The National Women's Soccer League awarded its fifteenth franchise to Columbus, Ohio for $205 million, with the Haslam Sports Group—owners of the NFL's Cleveland Browns and MLS's Columbus Crew—writing the check. The team begins play in 2028. The fee is the highest in women's soccer history and represents a 71% premium over the $120 million Boston paid in October 2023.
The Haslams now control three professional franchises across two cities and two leagues. Jimmy Haslam bought the Browns for $1 billion in 2012, then added the Crew for $230 million in 2018 after blocking the team's planned Austin relocation. The NWSL franchise slots between those assets geographically—Columbus versus Cleveland—and structurally, given MLS's current $500-600 million expansion valuations. The group will share front-office infrastructure with the Crew, including stadium operations at Lower.com Field, though NWSL sources indicate Columbus is negotiating for a separate 8,000-seat soccer-specific venue downtown.

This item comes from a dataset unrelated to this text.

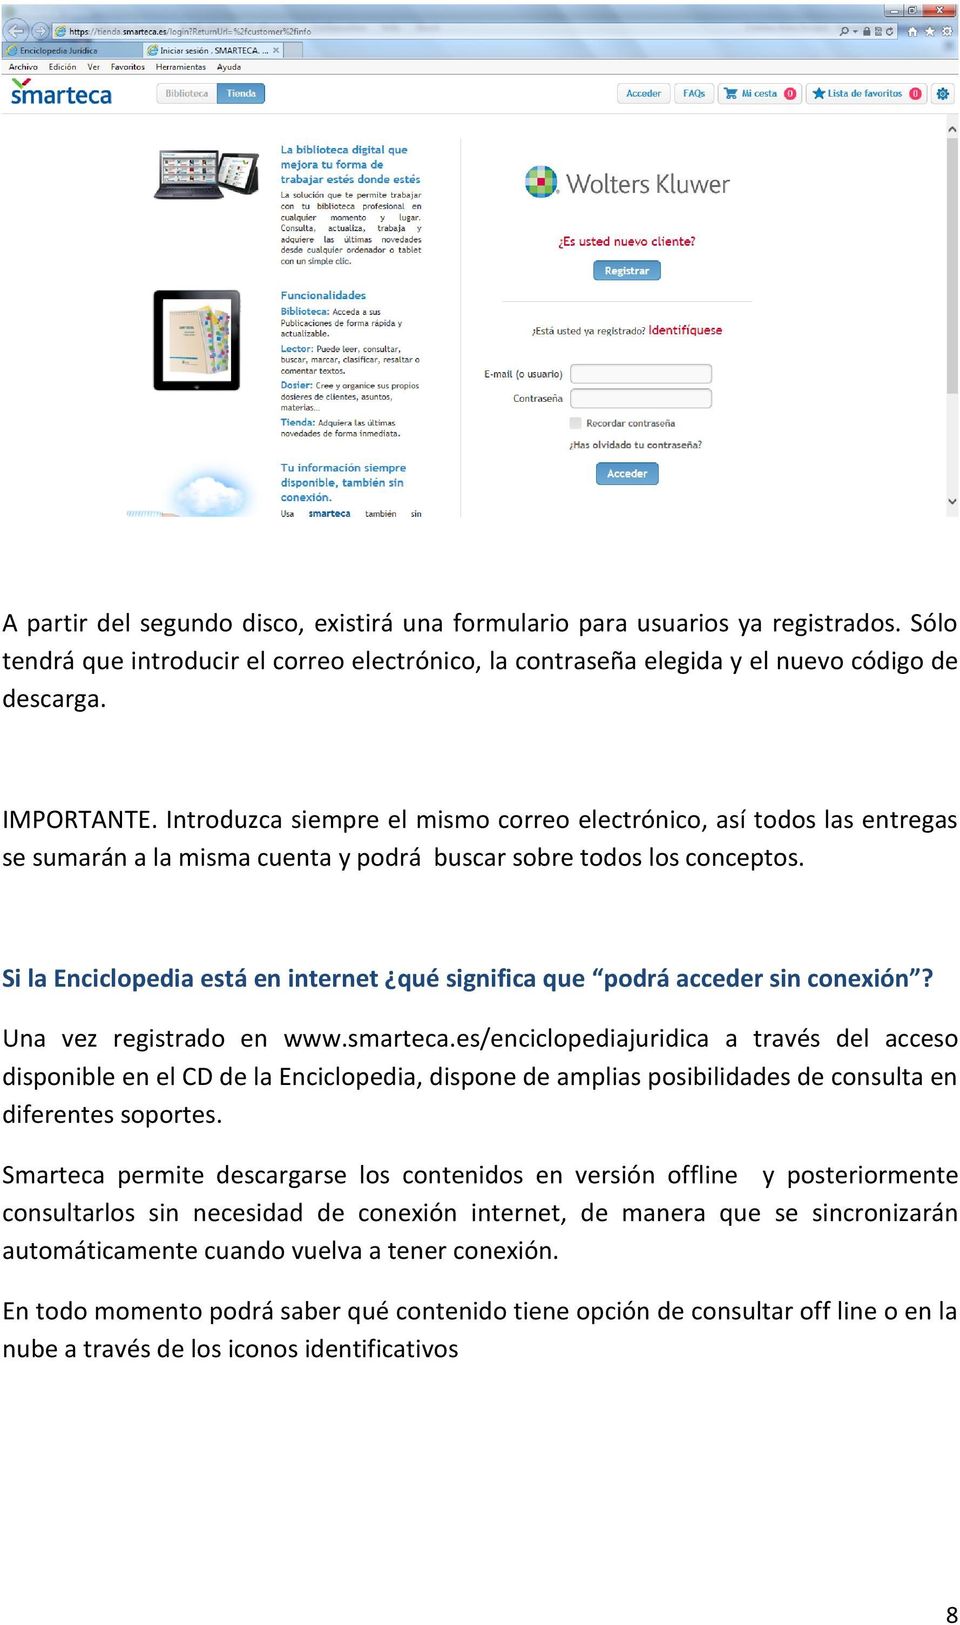 Si la Enciclopedia está en internet qué significa que podrá acceder sin conexión? Una vez registrado en www.smarteca.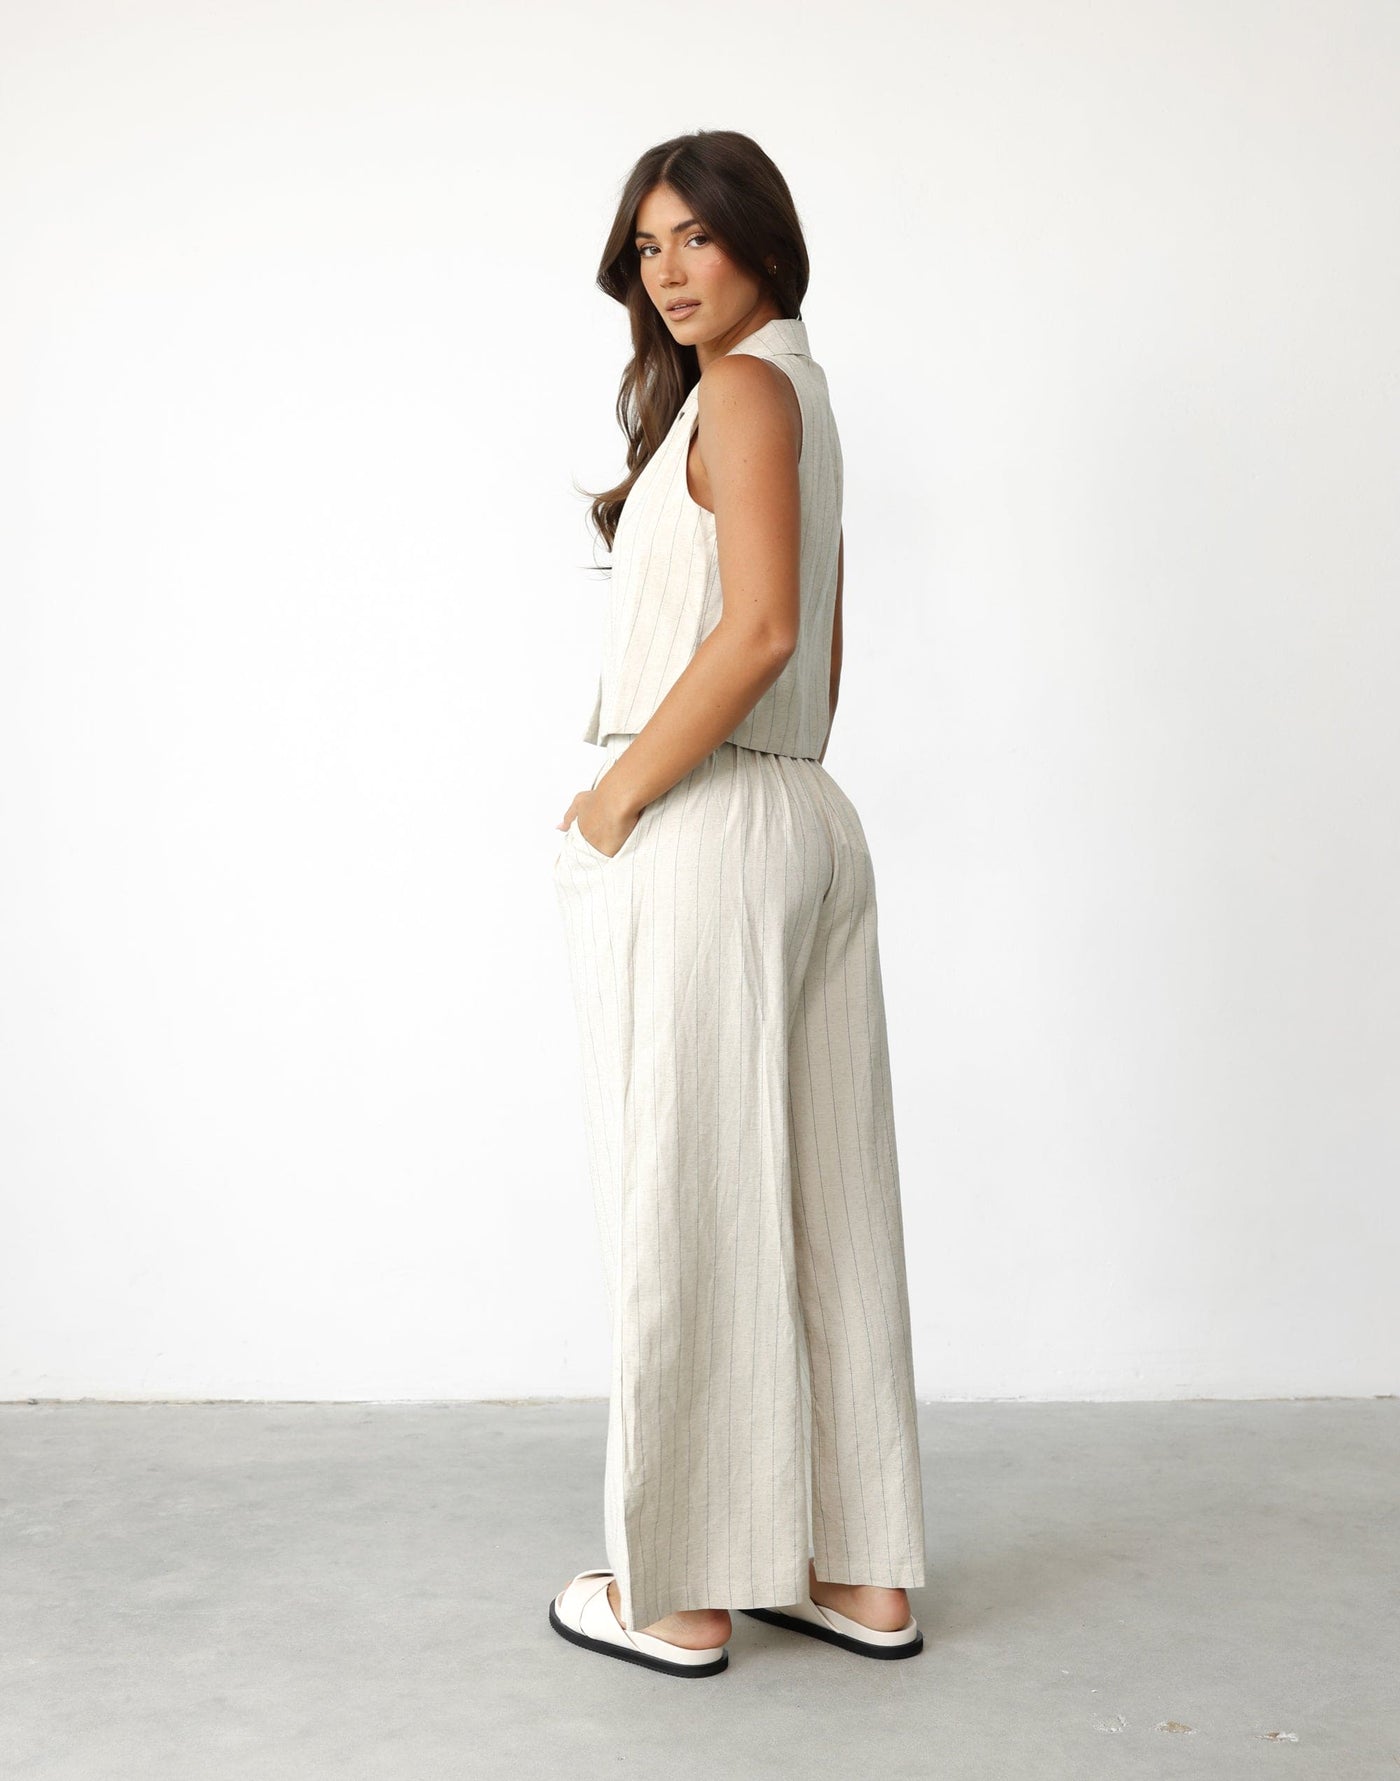 Nicolah Pants (Oatmeal Stripe) - - Women's Pants - Charcoal Clothing

The $205 million fee matters because it resets the floor for the league's next expansion cycle. The NWSL has committed to sixteen franchises by 2026, meaning one slot remains. Cleveland, Cincinnati, and Philadelphia are known bidders. Sources close to two ownership groups say they were modeling $150-175 million bids before Columbus closed. Now the ask is closer to $220 million, with the league citing media-rights momentum—the $240 million four-year CBS/ESPN/Prime Video deal signed in November 2023 runs through 2027, and renewal talks are expected to open this fall. One team president called the Columbus premium "a tax on being late," noting that Utah paid $2 million in 2017 and San Diego paid $50 million in 2022.
The Haslams bring sponsorship density the league needs. The Browns carry thirty-two corporate partners, including Bridgestone, Bose, and FirstEnergy, all of which have women's sports activation budgets. The Crew added six new sponsors in 2023 after winning MLS Cup, including Nationwide and Acura. NWSL clubs currently average fourteen corporate partnerships, per league data, and commissioner Jessica Berman has said publicly the target is twenty by 2027. The Haslams also control stadium naming rights at Lower.com Field through 2031, creating optionality for a women's soccer-specific naming deal if the new venue materializes.
The 2028 launch timeline is unusual. Most recent NWSL expansions went live within eighteen months of announcement. Columbus requested the delay to secure a dedicated facility and complete stadium district development near the Scioto Mile. The league granted it because the Haslams paid cash at closing, not installments, according to two people familiar with the transaction. That liquidity matters for the NWSL's balance sheet as it negotiates next-generation media rights and contemplates private equity stakes, both expected to accelerate in 2025.
Watch for the league to announce the sixteenth franchise by September 2025, likely timed to the CBS fall schedule launch. Commissioner Berman has said she wants "strategic clustering"—multiple teams in overlapping metro areas to drive regional rivalries and reduce travel costs. Cleveland and Cincinnati would give the NWSL three Ohio franchises within 140 miles, comparable to the Cascadia triangle in MLS. Philadelphia would pair with New Jersey/New York and Washington. The Haslams' willingness to pay $205 million for a 2028 start suggests they expect the next bidder to pay more for a 2026 debut.